Writing skills

How to write SKILL.md instruction packs that trigger when needed and stay useful as the capability grows.

A skill that the agent never invokes — or invokes for the wrong job — is dead weight. This page covers the craft of writing skills that trigger reliably, use context efficiently, and stay useful as the capability evolves.

For the file format and frontmatter reference, see Skills.

The progressive disclosure ladder

Every installed skill has three loading layers. Each layer’s budget is a hard constraint to design around.

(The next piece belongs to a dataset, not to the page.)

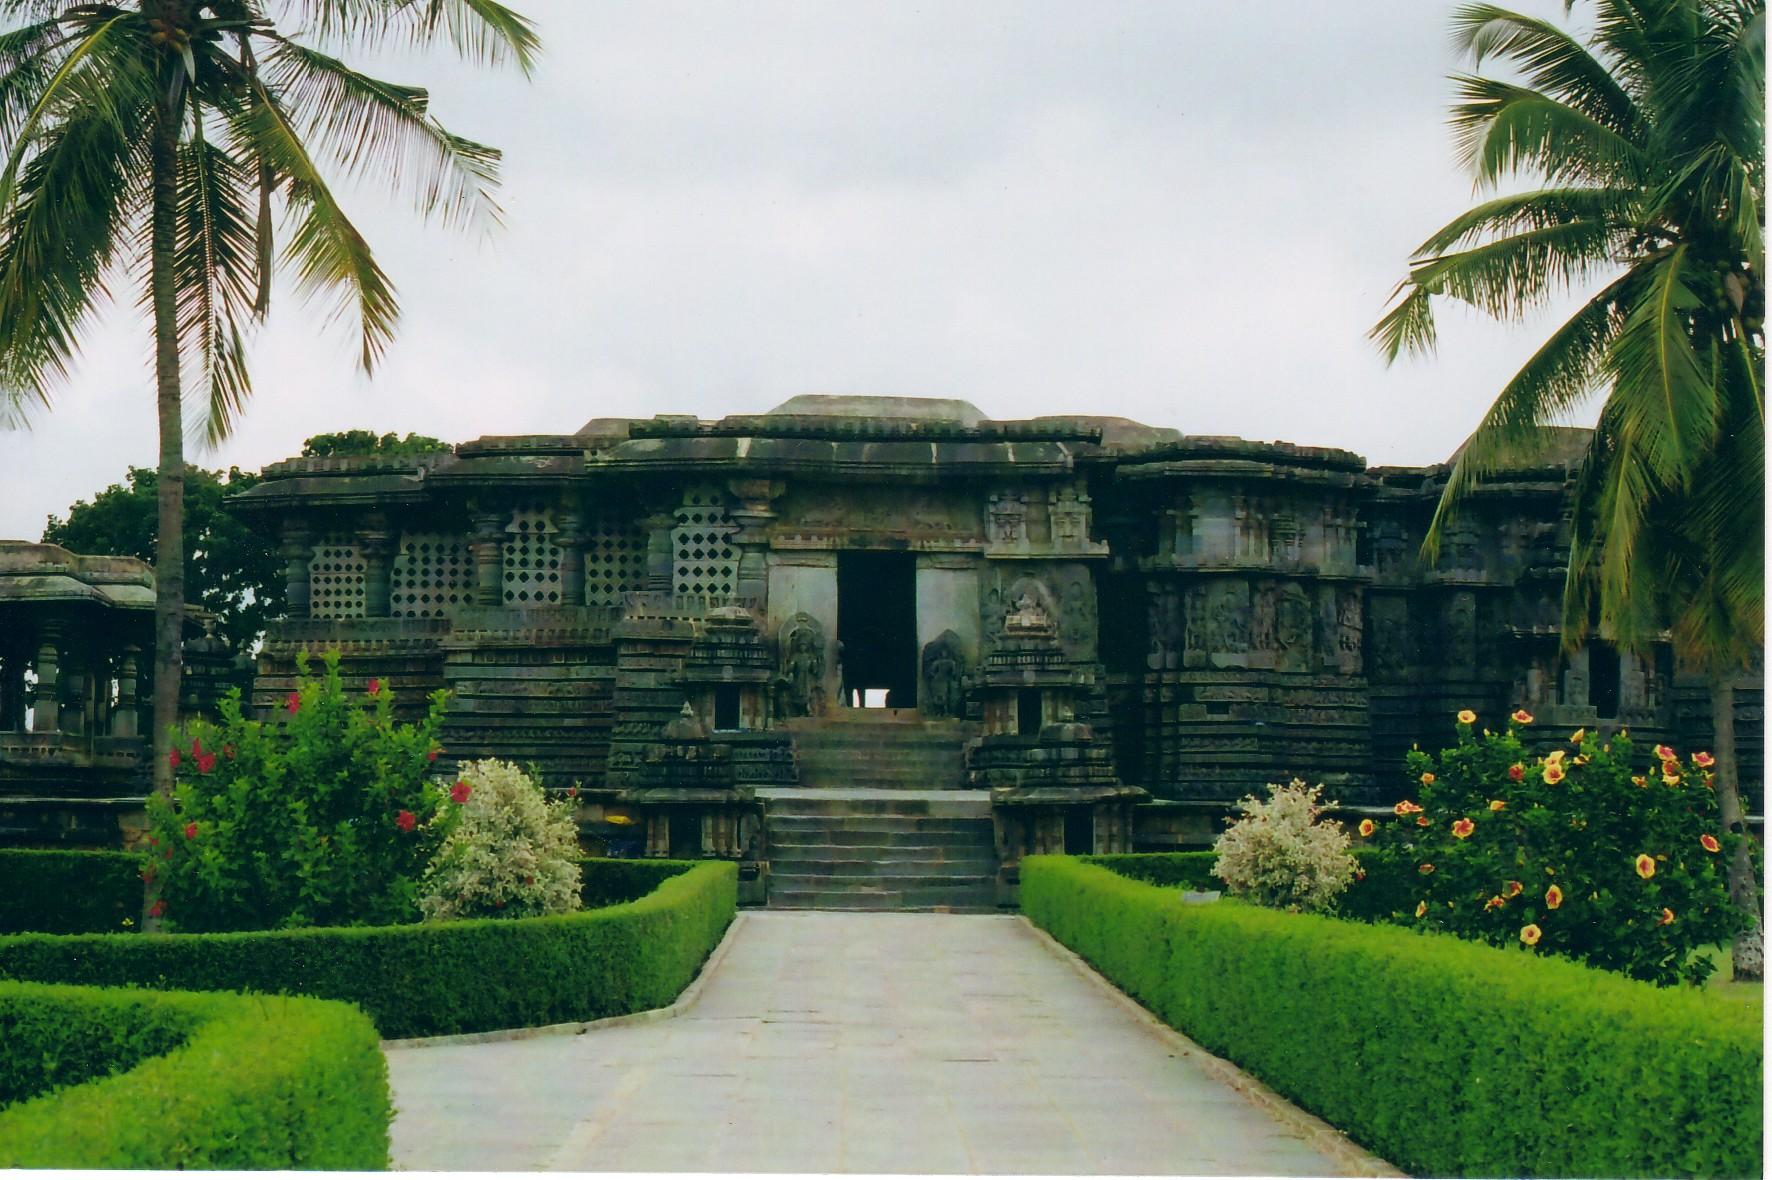 Belur Halebid Shravanabelagola Package Tour By Kstdc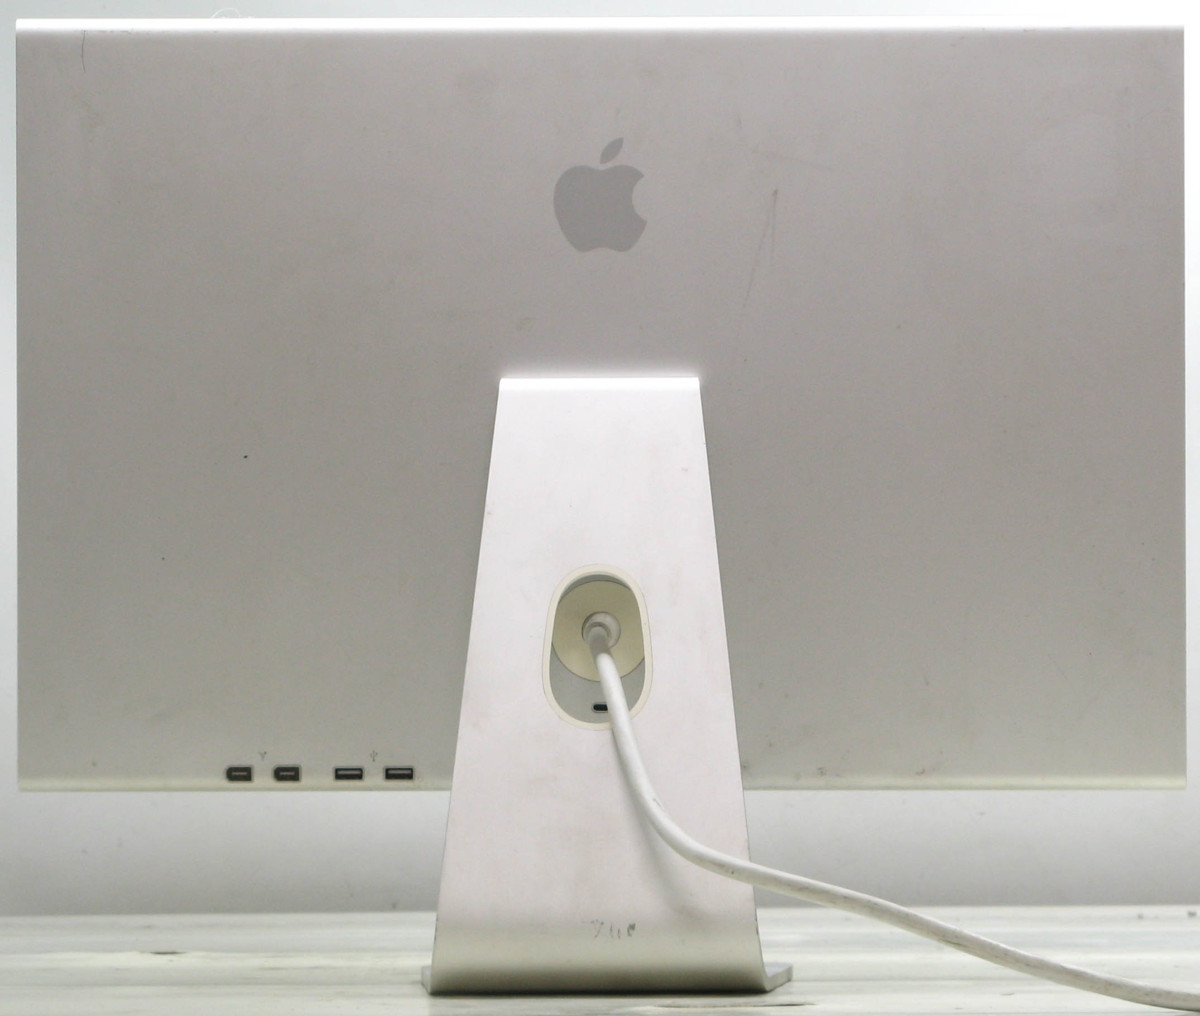 O-3100/Apple Cinema HD Display M9178J/A■23インチTFT液晶モニター■#2

Layer	When loaded	Budget	What goes here
Metadata (`name` + `description`)	Always, for every conversation	~100 tokens per skill — and every installed skill contributes	Trigger conditions only
`SKILL.md` body	On trigger, when the agent decides the skill applies	Aim under ~500 lines	Strategic guidance, decision points, pointers
Bundled `references/`, `scripts/`, `assets/`	On demand, when the agent reads or executes them	Effectively unlimited	Reference detail, deterministic logic, templates

The metadata budget is the one most authors miss. With dozens of skills installed, descriptions compete for the same trigger budget — bloated descriptions hide each other.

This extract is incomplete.